The pine mistletoe could not arrive before its host. The same is
true of parasitic paint brushes. The aphids in the rolled red-leaves of
manzanita had to wait for the hosts' arrival. The tiny craters of the
"doodlebugs" (Ant Lions) found at such widely separated stations as the
first trees above shoreline (6207 feet), the upper limit of the shady
forest (6437 feet), the fissure flow at 6610 feet in altitude and the
top of the rim (6940 feet) show that such barriers as Skell Channel,
bare lava rocks, or ash deserts are not insurmountable. These
carnivorous insects must have followed the advent of required food as
was the case of the dozens of dragon flies hovering over the crater
(August 10, 1993). And how about the toads sitting patiently in the
crater waiting for food to pass by?

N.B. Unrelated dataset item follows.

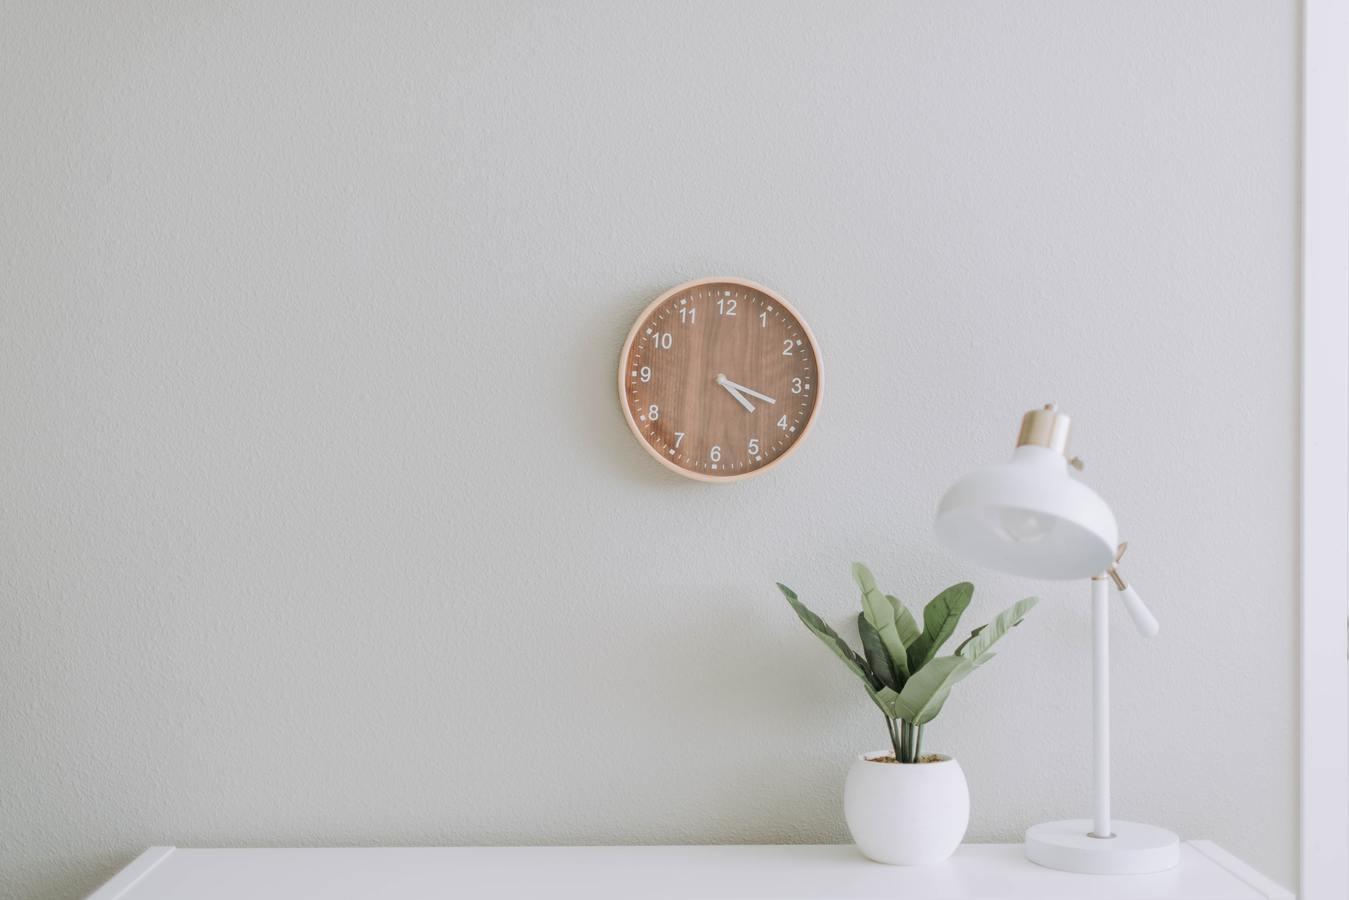 Un orologio da parete sopra un tavolo con una lampada e una pianta

Were they and the dragonflies and
the mosquitoes crater-born or channel-born? Wizard Island may thus be
compared to the House-That-Jack-Built, for this is the ant lion that ate
the ant that lived in the tree that came from the seed that grew in the
pumice that was blown out of the crater that Wizard Island built. Or,
this is the egg, laid by the beetle that came from the grub, that
infested the bar, that belonged to the lodgepole, that had the "rumor",
caused by the spores that came from the parasite that lived on the
paintbrush (for four generations) that grew on the slope, beside the
trail that Jack built. And so one may go on ad liberatum.
An abundant insect life readily invites bird inhabitants. The
mountain blue bird family on the rim would indicate that a pair had
nested thereabouts. The redbreasted nuthatches and Oregon Juncos
appeared busy and happy. The Calliope humming-bird was observed sipping
nectar from phacelia and fireweed, the Clark nutcracker probing the
cones of the white bark pine on the rim, the marks of the sapsucker on a
white bark pine, and the Cassin purple finch and Audubon warbler feeding
along the evergreened base, the toads near the snow bank, the coney
making hay in the rock slide at the bottom of the crater, the three
golden-mantled ground squirrels near the domicile of the coney were all
dependent "on things" that must have come before.